Write the listing below out again exactly, dropping the images.
------ Given material ------
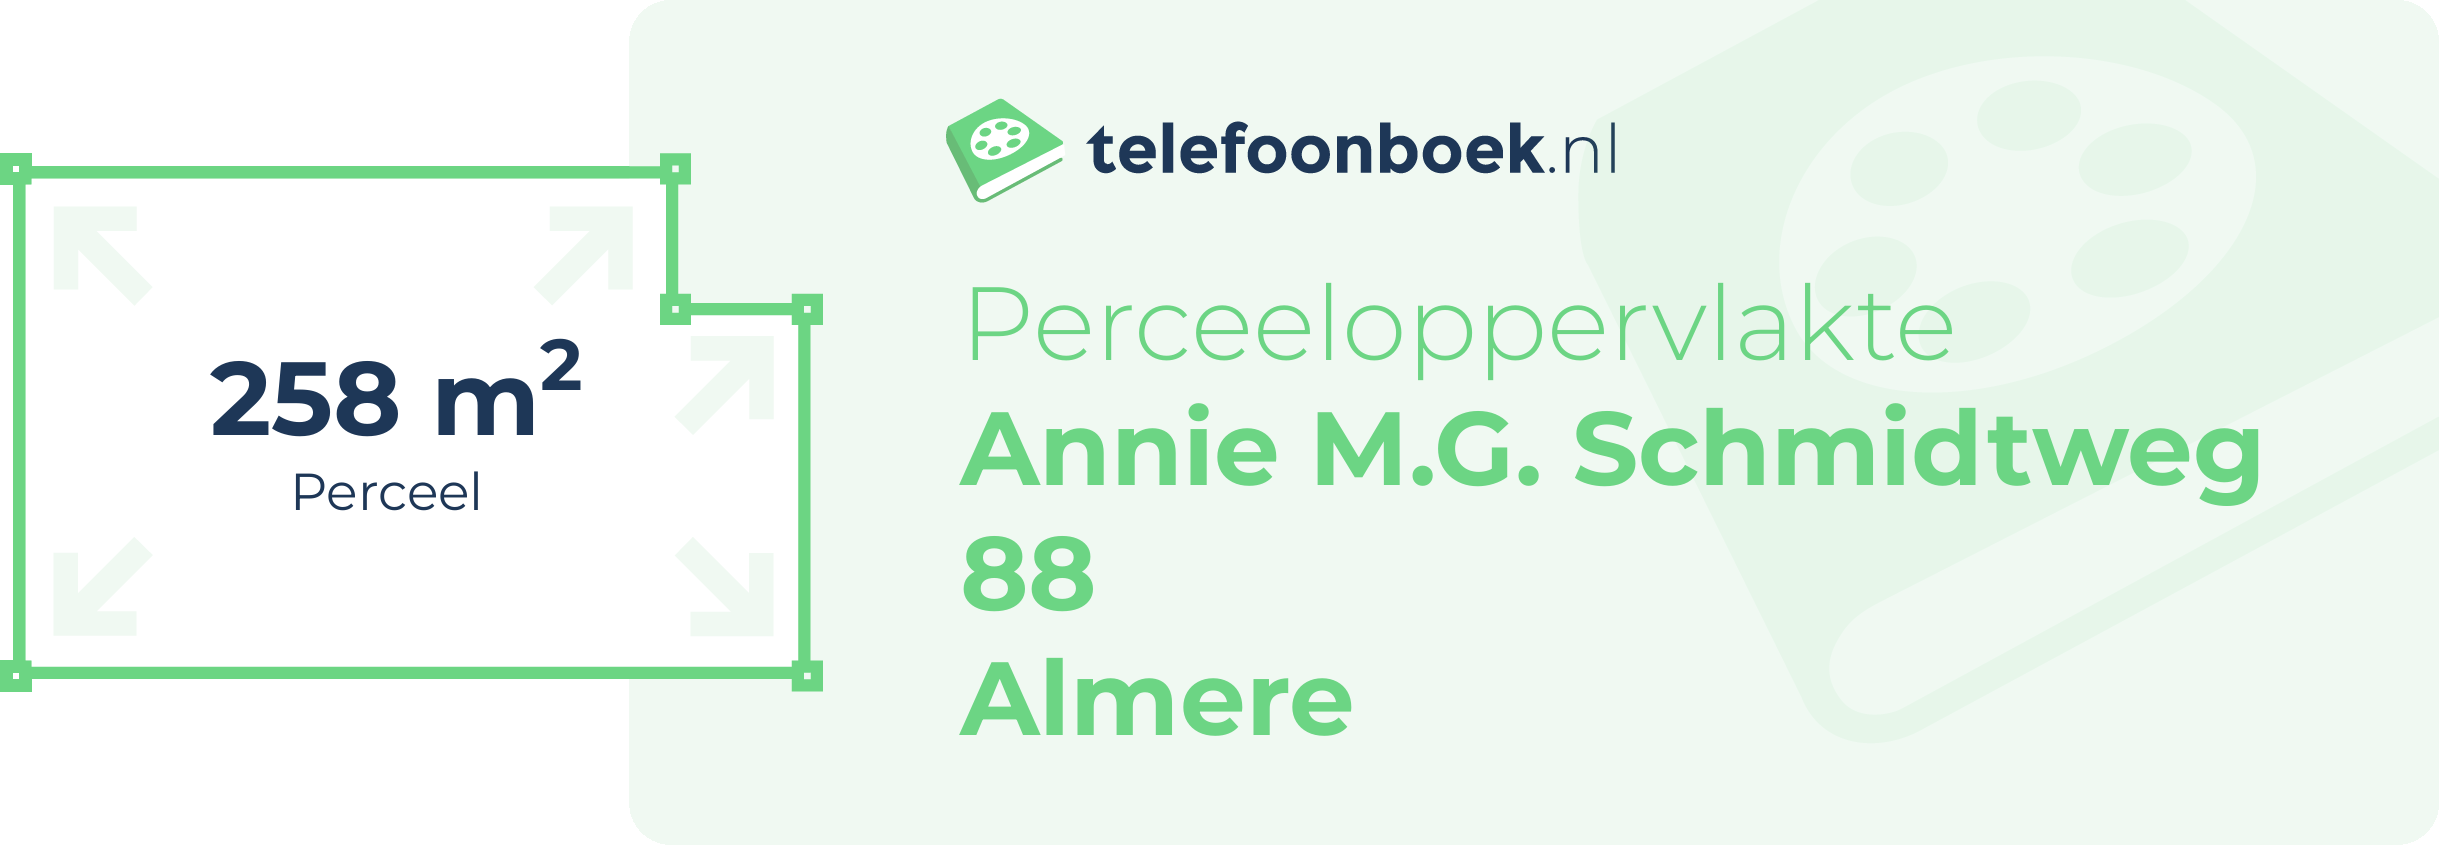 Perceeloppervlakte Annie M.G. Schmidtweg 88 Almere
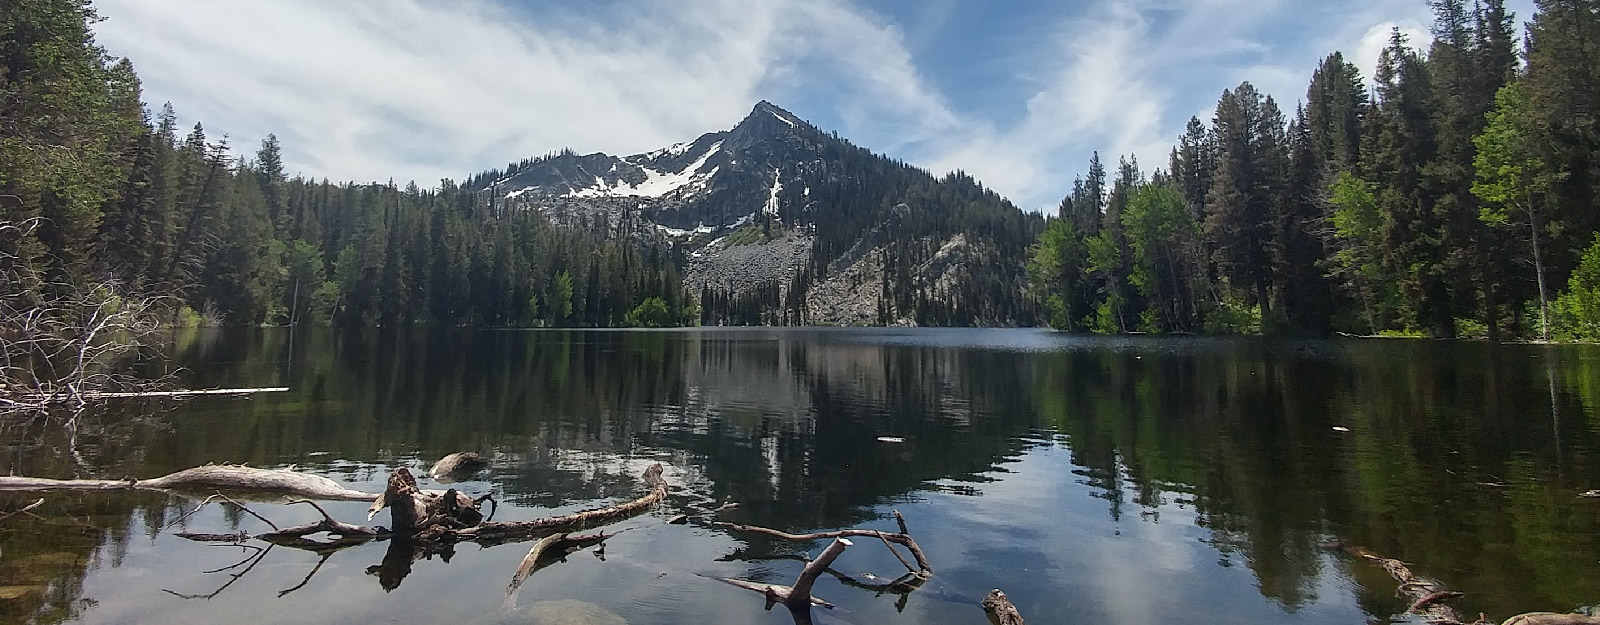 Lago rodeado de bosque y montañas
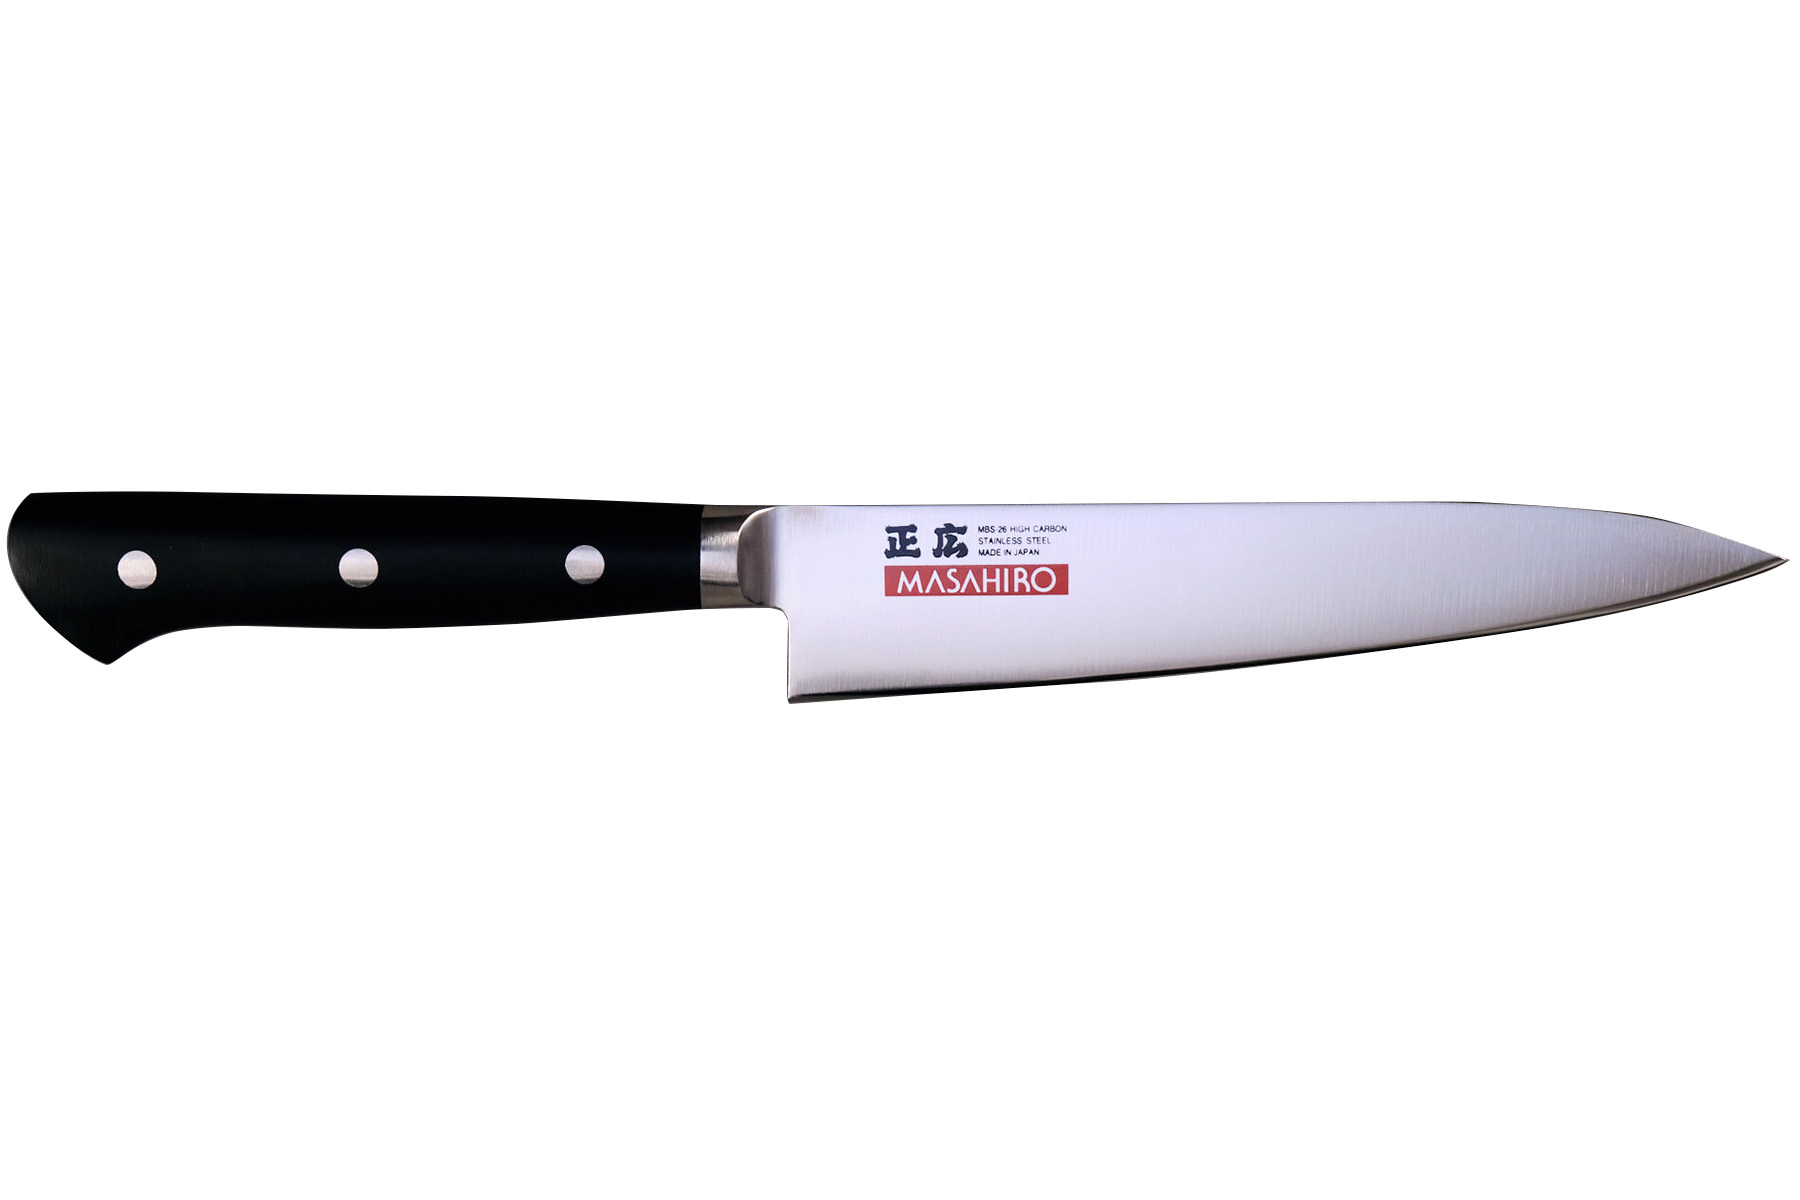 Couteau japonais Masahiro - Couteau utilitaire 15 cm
------
→ **Solution for this task**:
 Perceeloppervlakte Annie M.G. Schmidtweg 88 Almere
 Lago rodeado de bosque y montañas
 Couteau japonais Masahiro - Couteau utilitaire 15 cm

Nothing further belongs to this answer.